FDINew Delhi : The governments recent move to allow 100 per cent foreign direct investment (FDI) in single-brand retail under the automatic route is expected to increase the market share of organised retail in India to 10 per cent by fiscal 2020, rating agency Crisil said on Monday.

Crisil said the decision will increase the market share by almost 100 basis points from its earlier expected share growth of nine per cent by fiscal 2020, based on healthy revenue growth of 18 per cent of organised brick and mortar (B&M) retailers.

“Better operating environment for single-brand retail would also mean the pace of store additions by organised retailers will be faster than the annual 10-12 per cent Crisil had presaged earlier,” it said in a statement.

According to Crisil, the impact of relaxation in rules would be more pronounced in the apparel, luxury goods, home decor, footwear, and electronics segments, which make up around 45 per cent of the country’s organised retail revenues.

“Global single-brand retailers facing growth headwinds in their key geographies will now be more than keen to peg tent in India,” said Anuj Sethi, Senior Director, Crisil Ratings.

“And those already present could step up investments. The previous sourcing norms were a bottleneck to scaling-up of operations,” he added.

Crisil said while FDI approval under the automatic route will lower the time to commence business, the relaxation of 30 per cent local sourcing norms for the first five years by allowing inclusion of incremental sourcing for global operations will provide sufficient time for new entrants to set up and stabilise their sourcing base.

“All this will mean increase in competition for domestic organised B&M retailers,” said Amit Bhave, Director, Crisil Ratings.

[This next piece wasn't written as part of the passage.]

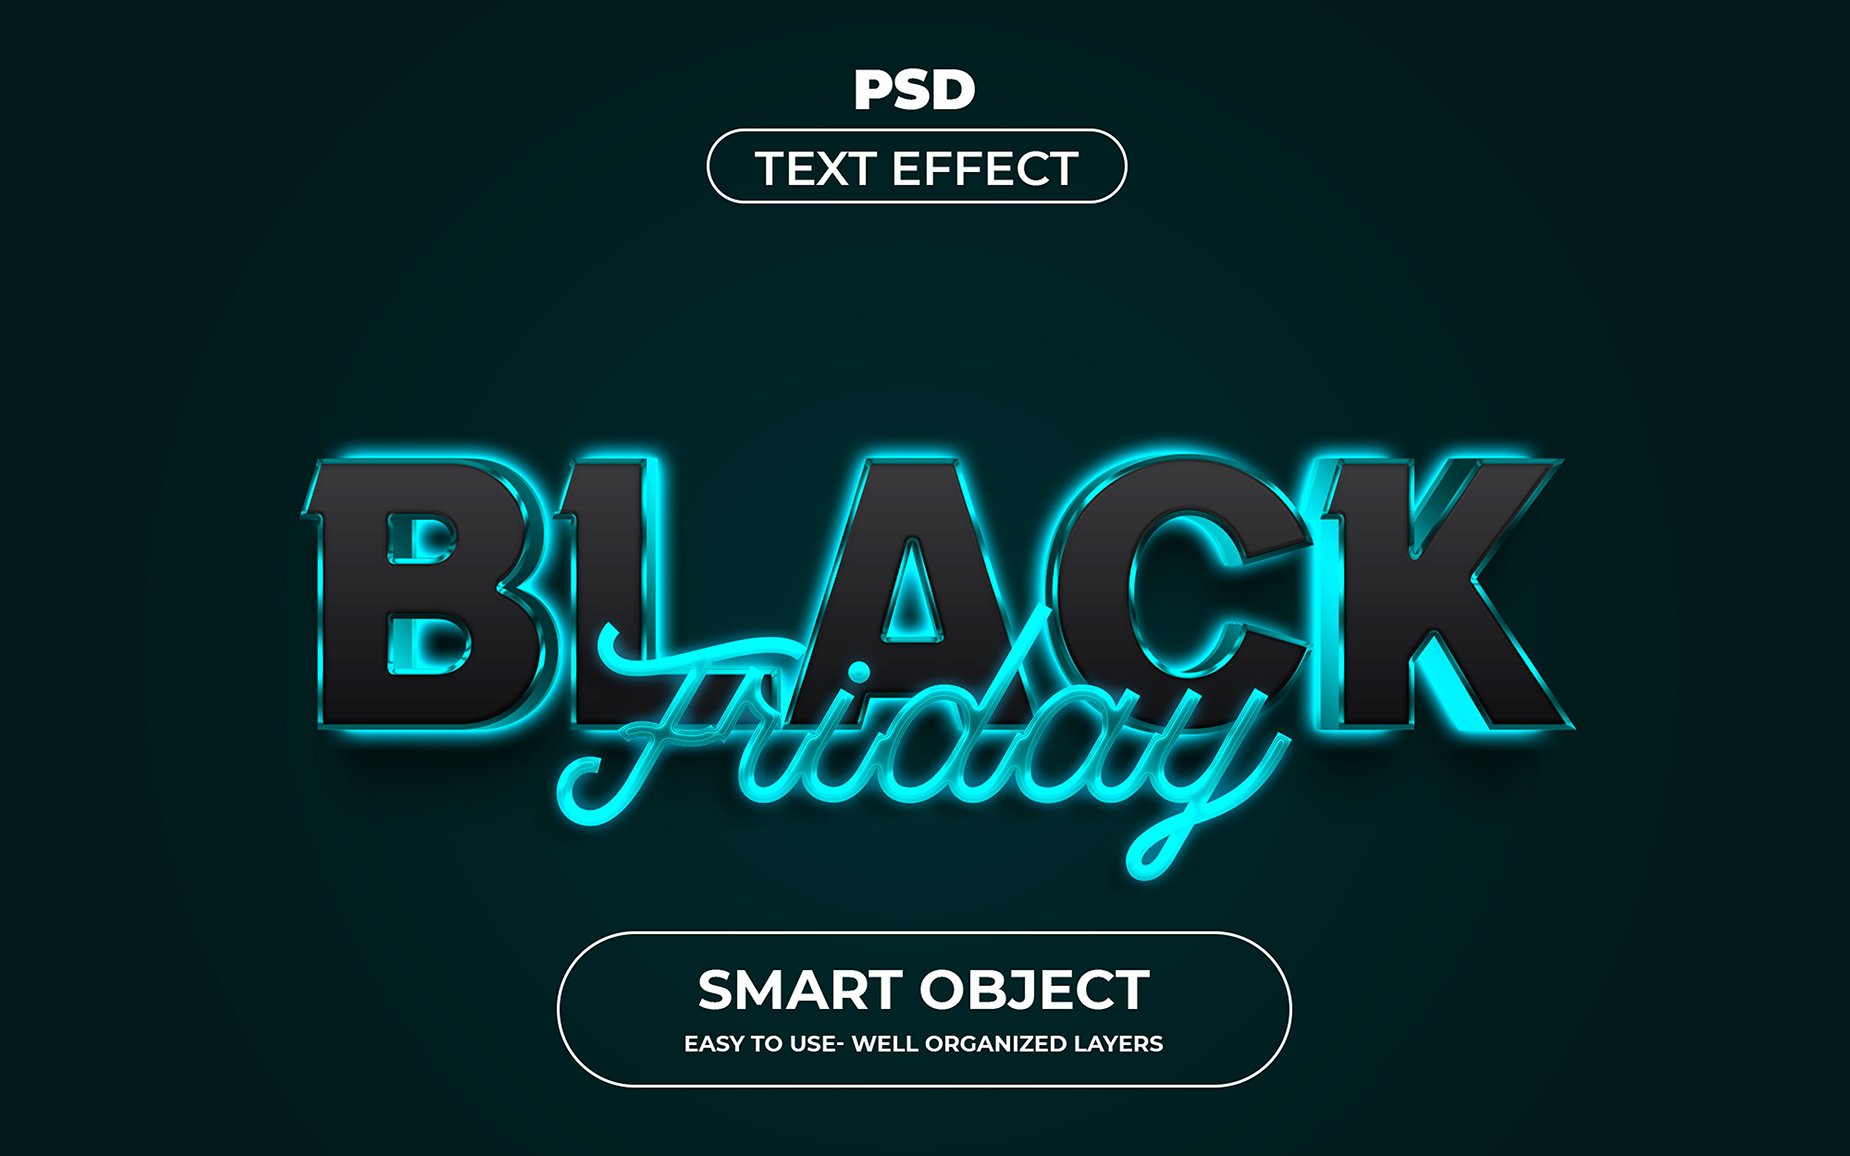 Black Friday 3d Editable Text Effecover image.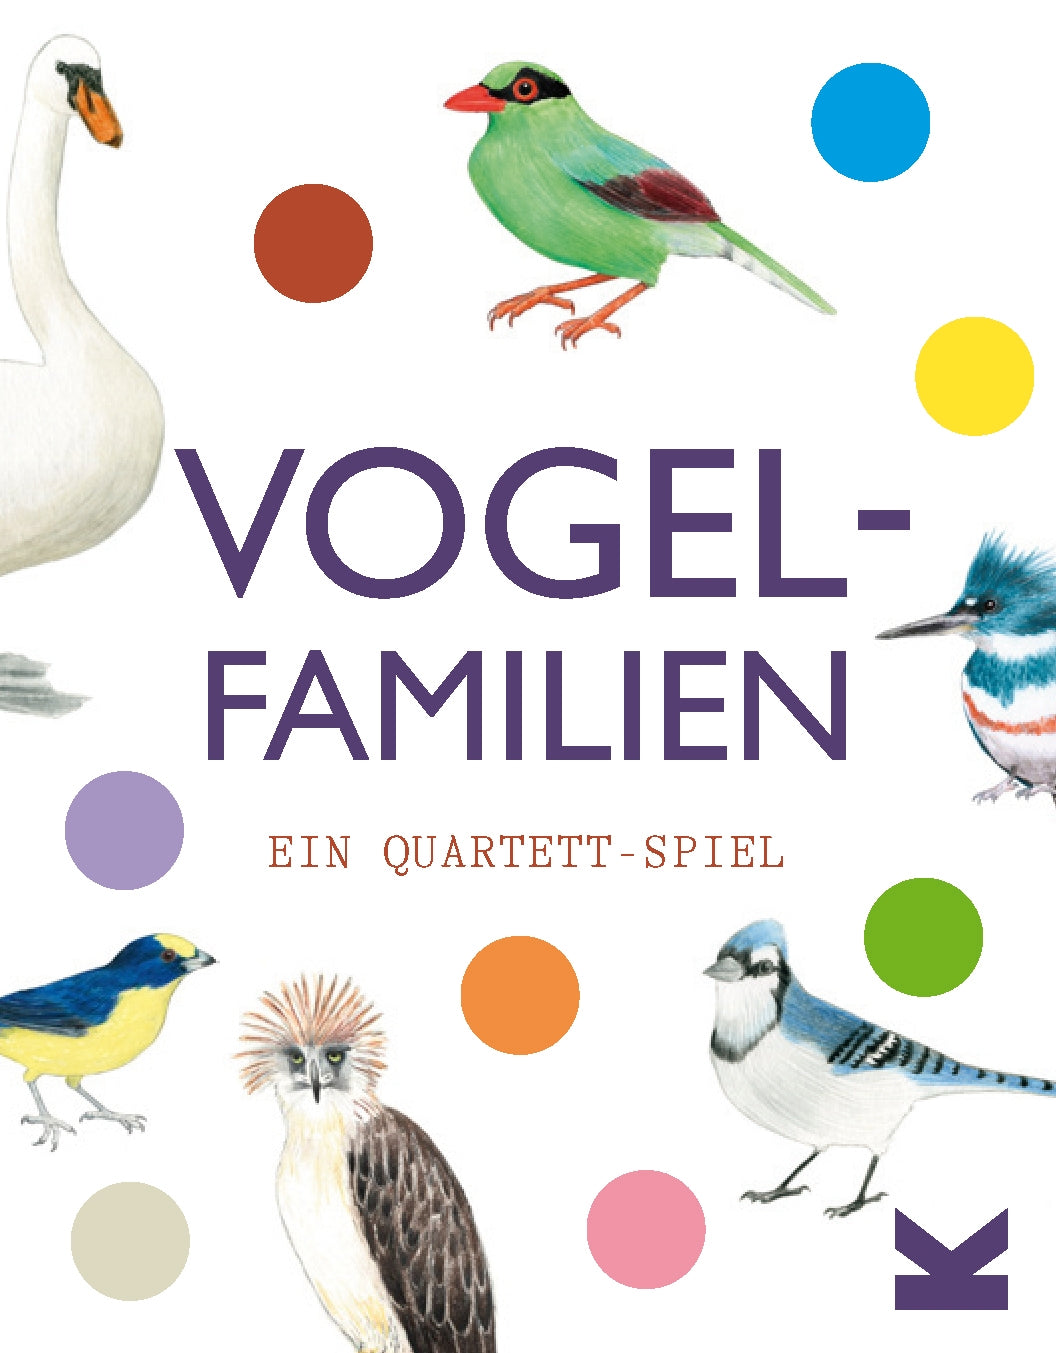 Vogel-Familien by Christine Berrie, Sarah Pasquay, Mike Unwin

“However, more foreign retailers vending their ware would also lead to sharper focus on, and improvements in, supply chain efficiencies which will benefit the sector over the medium term,” he added.

The rating agency believes that healthy growth prospects for the sector and benefits of scale and focus on profitability, will help offset the impact of higher capital spending and increasing competition on credit profiles over the medium term.